Body scan meditation
This meditation is usually done lying down but if you find you keep falling asleep it can equally be done siting crossed legged on the floor or in a straight backed chair.
Find yourself a comfortable place, somewhere where you won’t be disturbed, lay flat on your back with a cushion under your knees, this help keep your back flat against the floor. Your head needs to be comfortable so a small pillow or folded towel will do the trick, but if you are using a yoga mat try without a pillow.
Start by taking a few long deep breaths, gradually start to feel yourself unwind and relax, slowly, starting from the very top of the head notice any sensation that may arise. it could be itching, aching, tiredness, pain or stiffness, or any number of different sensations.
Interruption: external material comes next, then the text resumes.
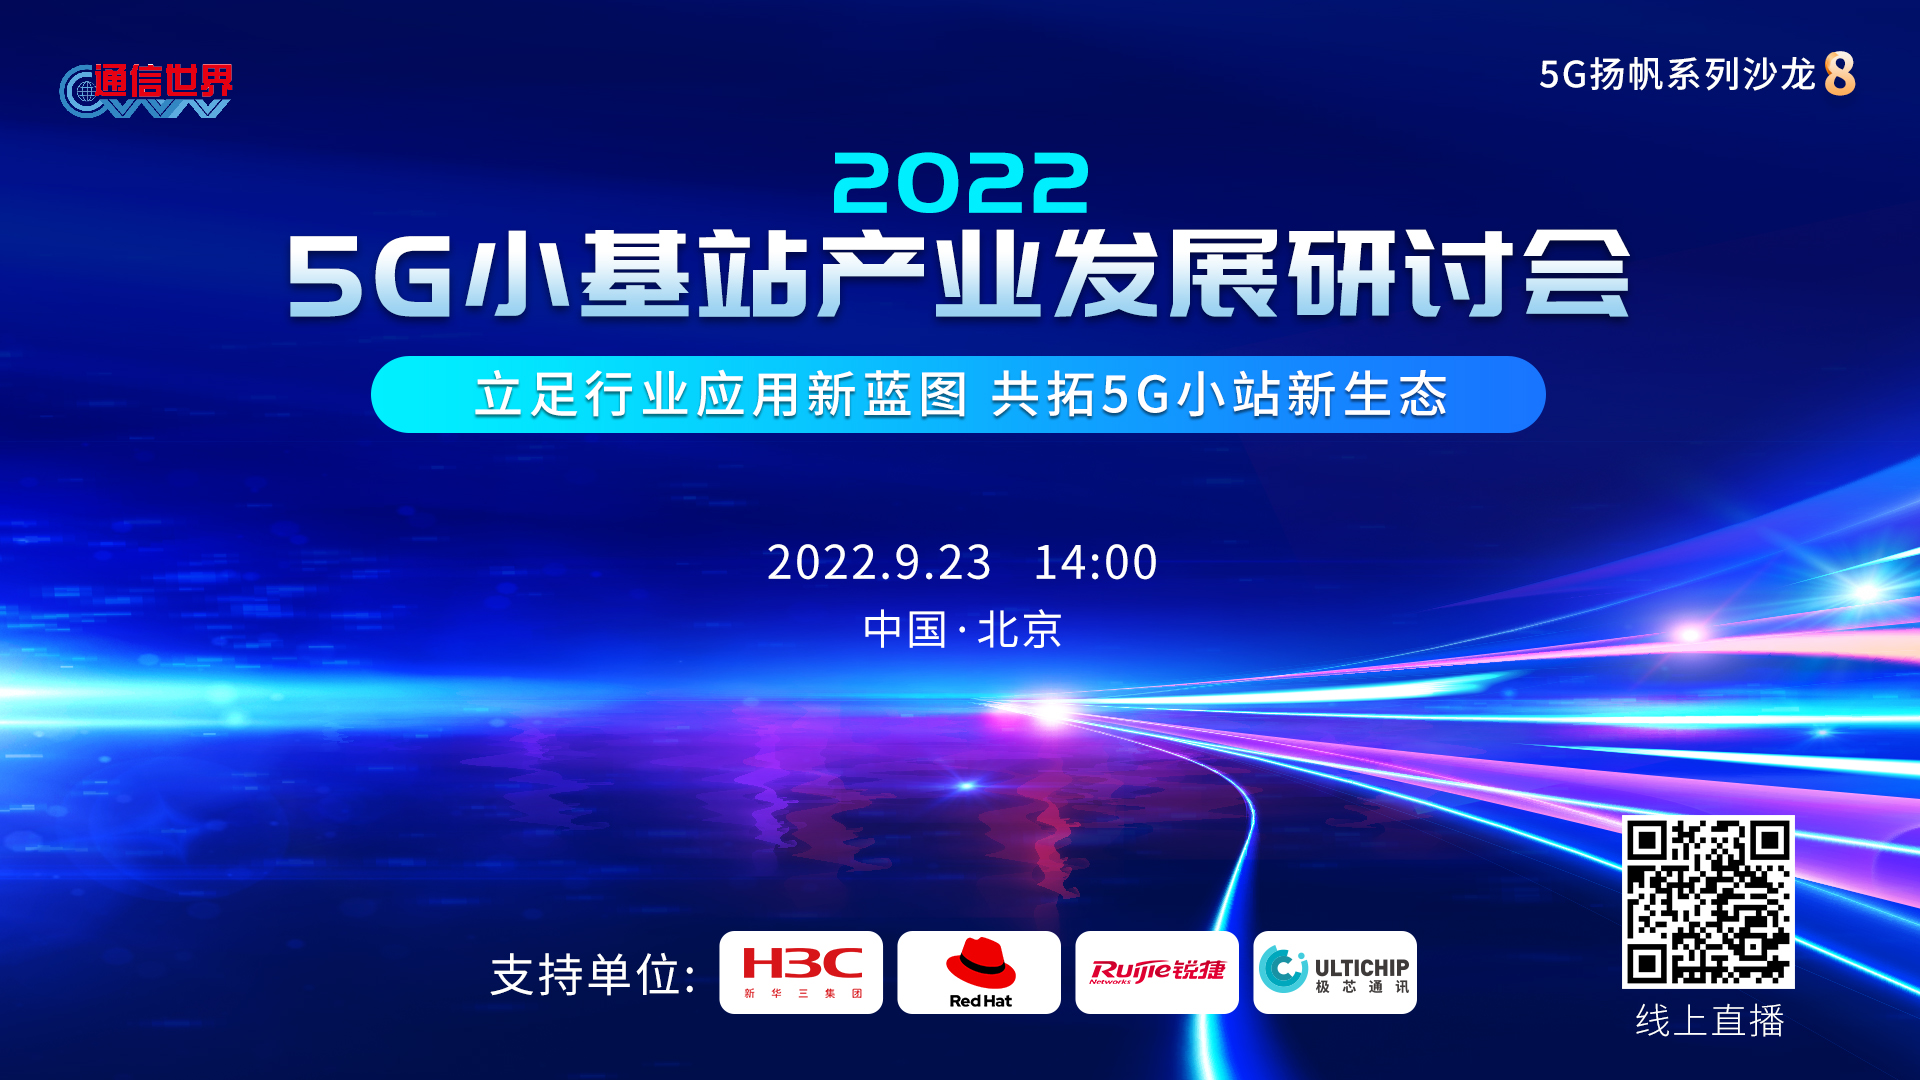 2022 5G小基站产业发展研讨会

Just notice, don’t interfere, don’t scratch or itch or fidget, just notice and be ok with it.
Be gently to yourself, be kind, and be ok with whatever you feel. Maybe you feel no sensation at all and that’s ok to, there is no rule as to what you will feel. Just notice then slowly move down to your forehead, your eyebrows, cheek bones, ears, lips, chin, neck and shoulders, keep moving down through your body checking for sensations. You don’t have to start the way I described either, be inventive and move around your body to each new sensation that arises.
Do this for 10 or 20 minutes everyday and you will soon see a remarkable difference in your stress levels.